*Exercise prompt*: If you see a picture in the data below, omit it and copy the rest exactly.

*Given data*:
____

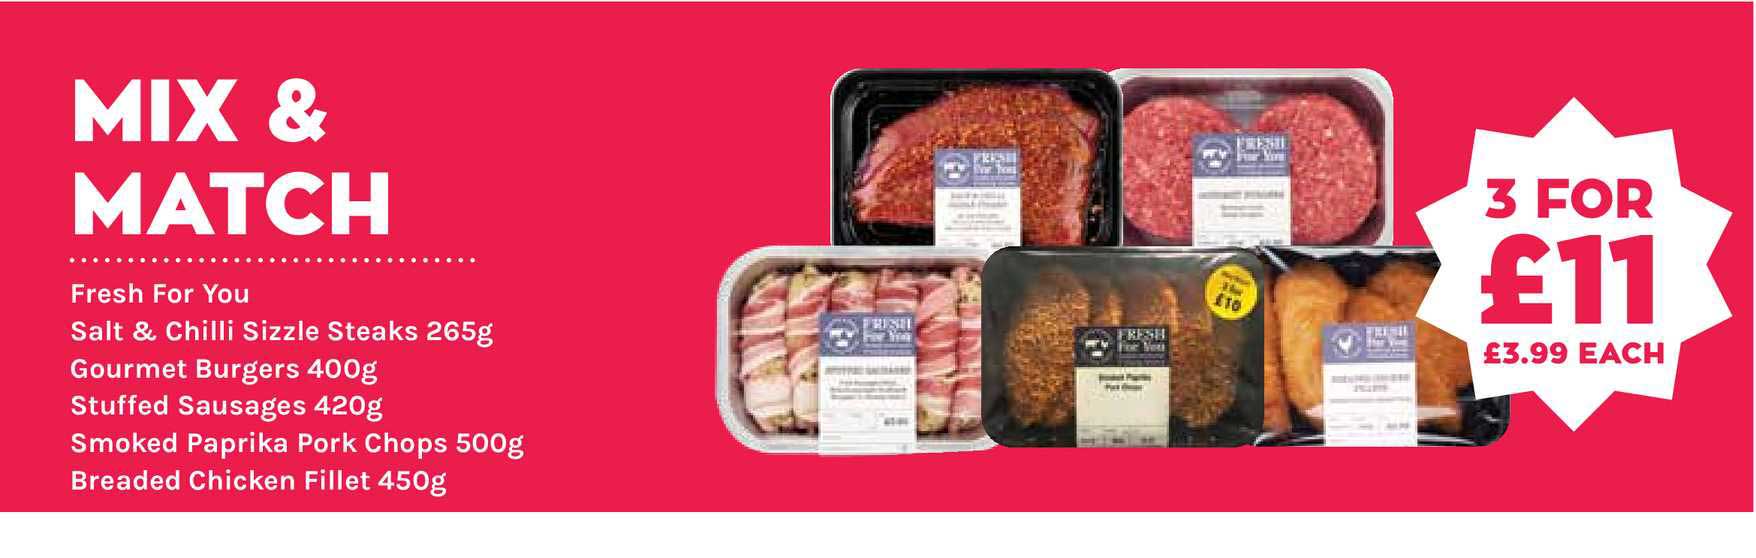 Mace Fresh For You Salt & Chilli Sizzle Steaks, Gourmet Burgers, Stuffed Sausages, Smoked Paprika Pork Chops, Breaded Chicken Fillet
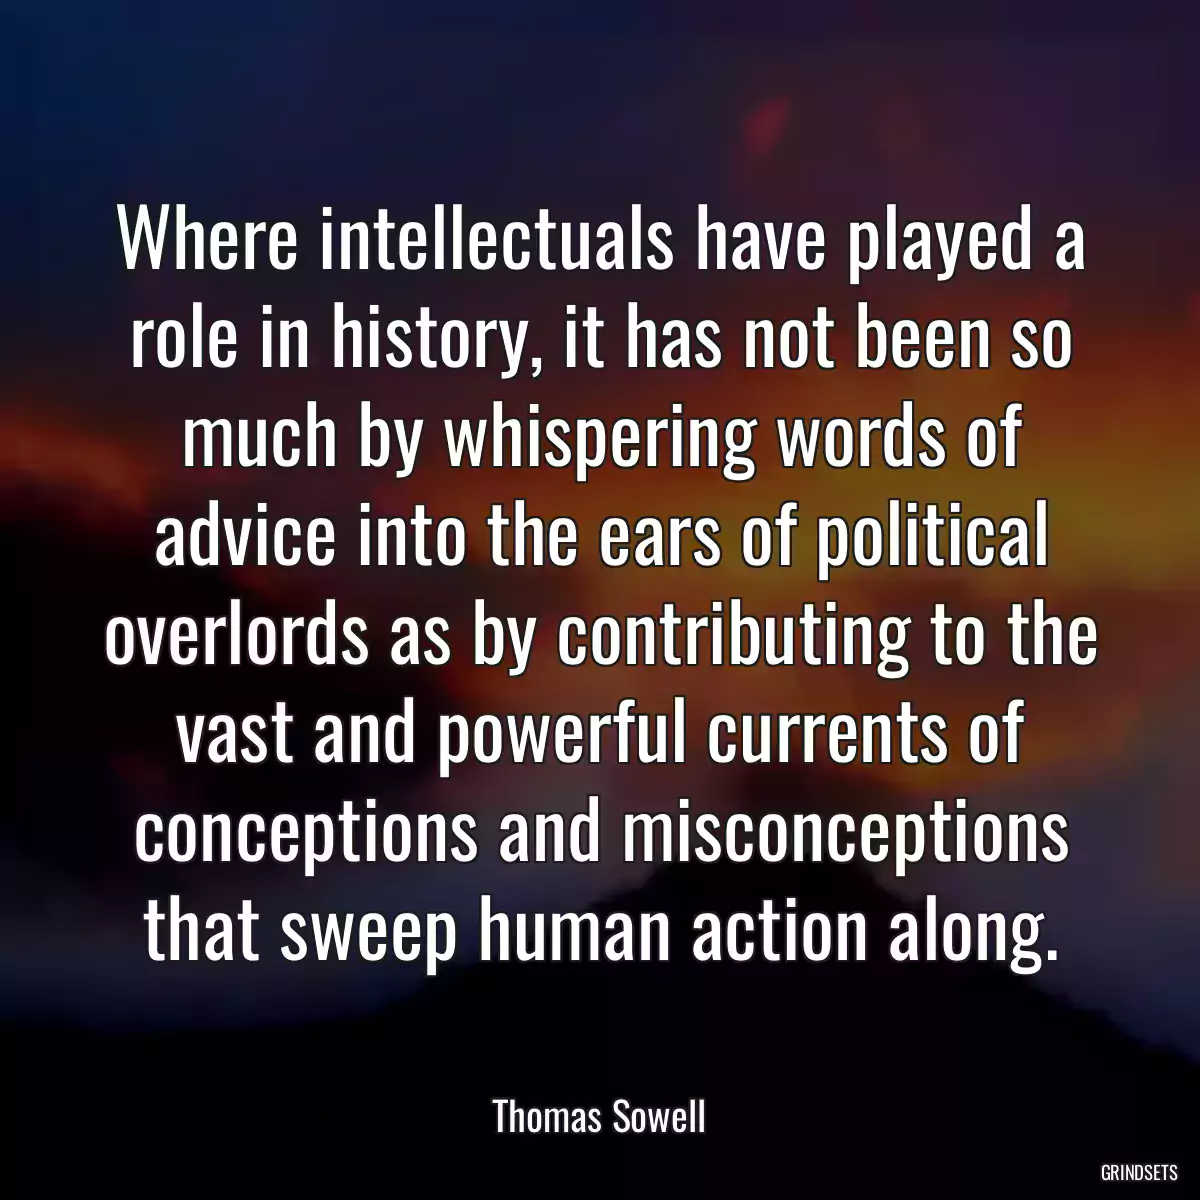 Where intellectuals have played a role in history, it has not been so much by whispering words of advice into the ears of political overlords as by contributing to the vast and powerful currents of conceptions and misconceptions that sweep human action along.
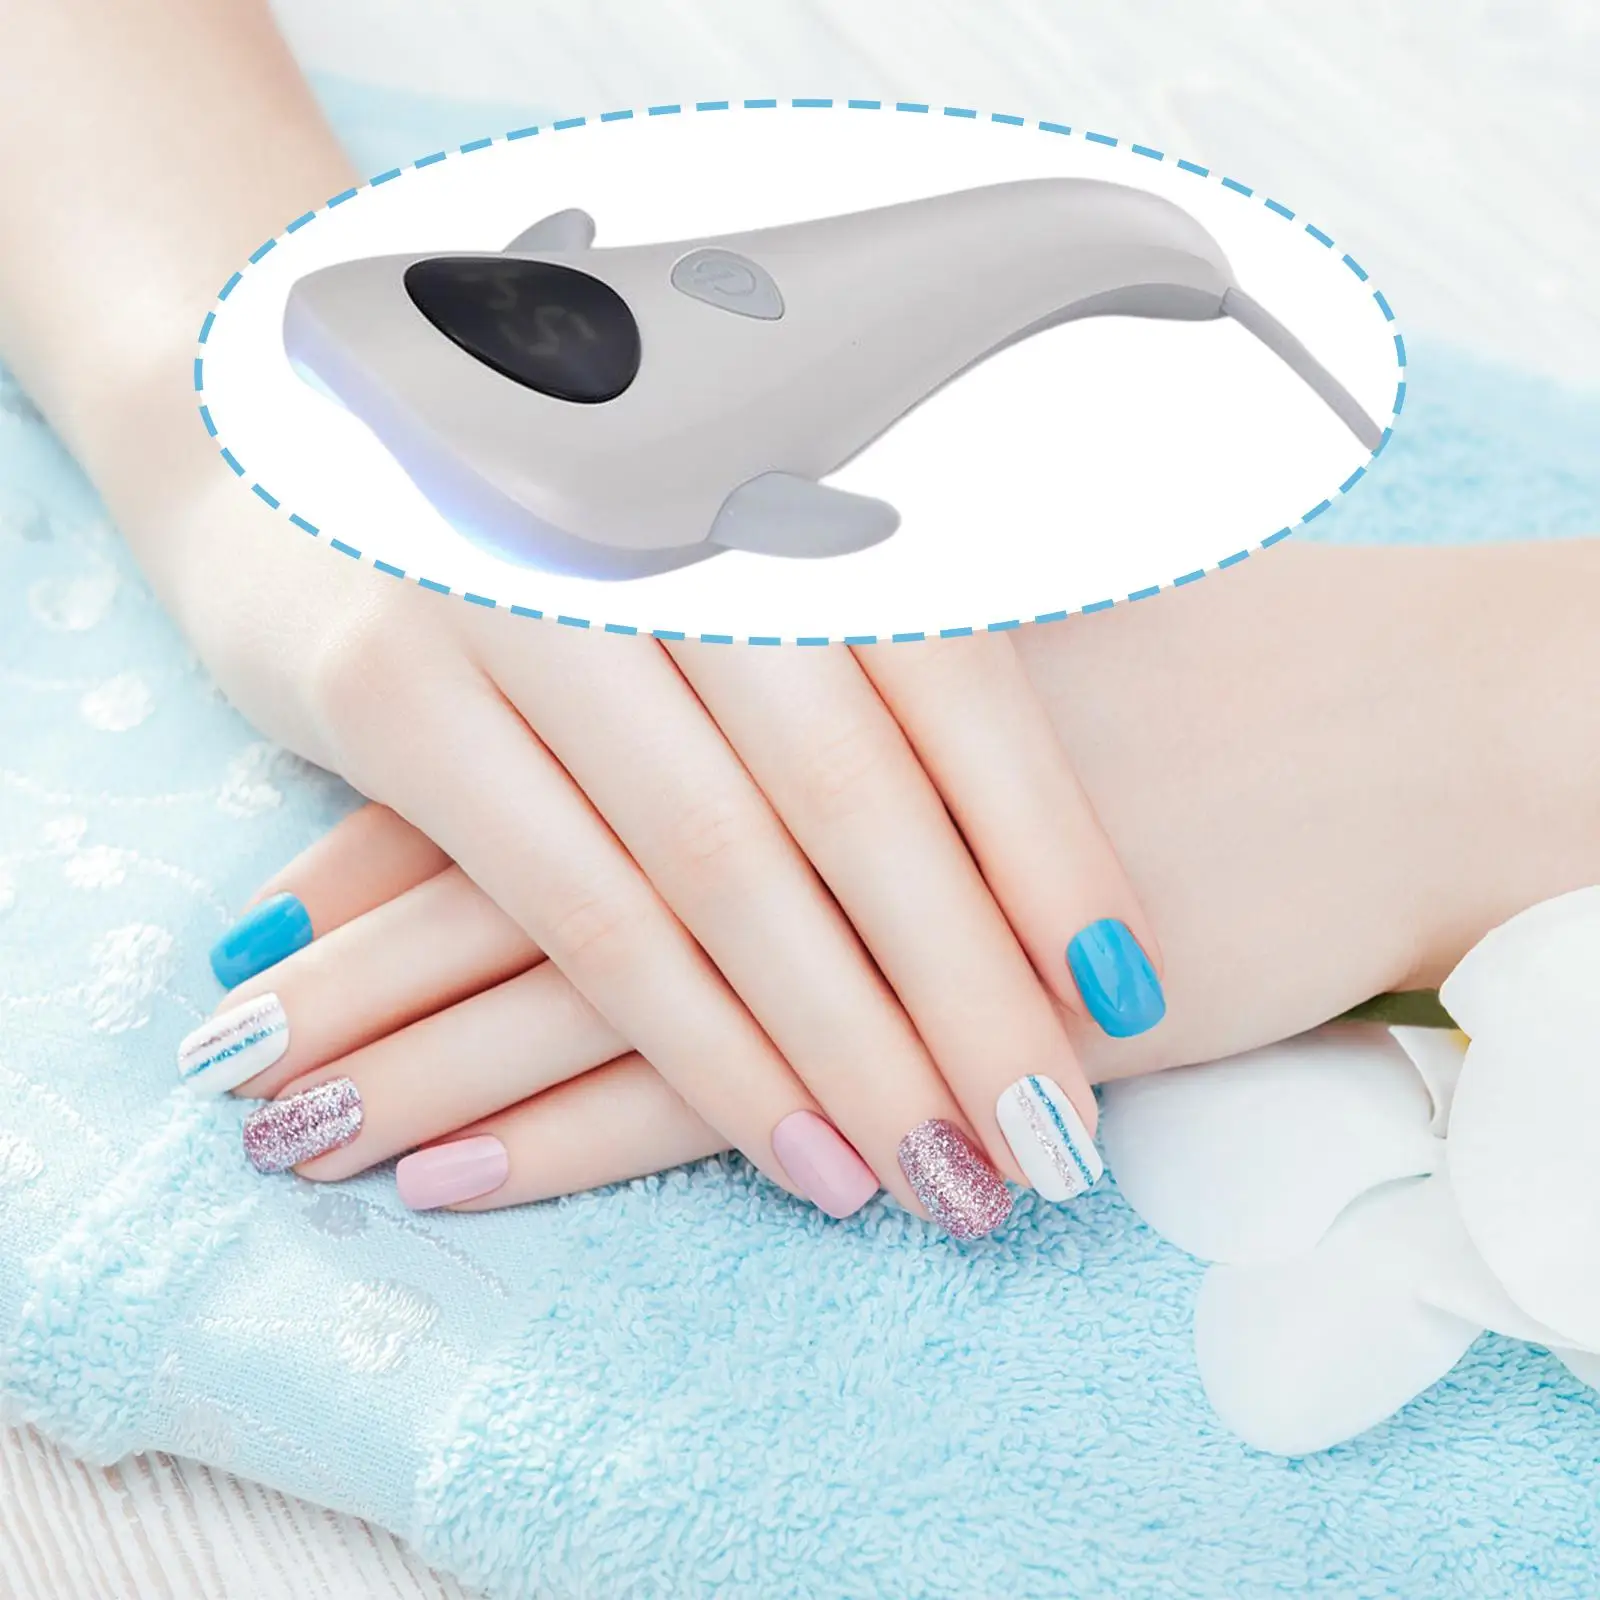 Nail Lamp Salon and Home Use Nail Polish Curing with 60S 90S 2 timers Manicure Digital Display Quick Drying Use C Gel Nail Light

____

*Answer for the task*:
 Mace Fresh For You Salt & Chilli Sizzle Steaks, Gourmet Burgers, Stuffed Sausages, Smoked Paprika Pork Chops, Breaded Chicken Fillet
 Where intellectuals have played a role in history, it has not been so much by whispering words of advice into the ears of political overlords as by contributing to the vast and powerful currents of conceptions and misconceptions that sweep human action along.
 Nail Lamp Salon and Home Use Nail Polish Curing with 60S 90S 2 timers Manicure Digital Display Quick Drying Use C Gel Nail Light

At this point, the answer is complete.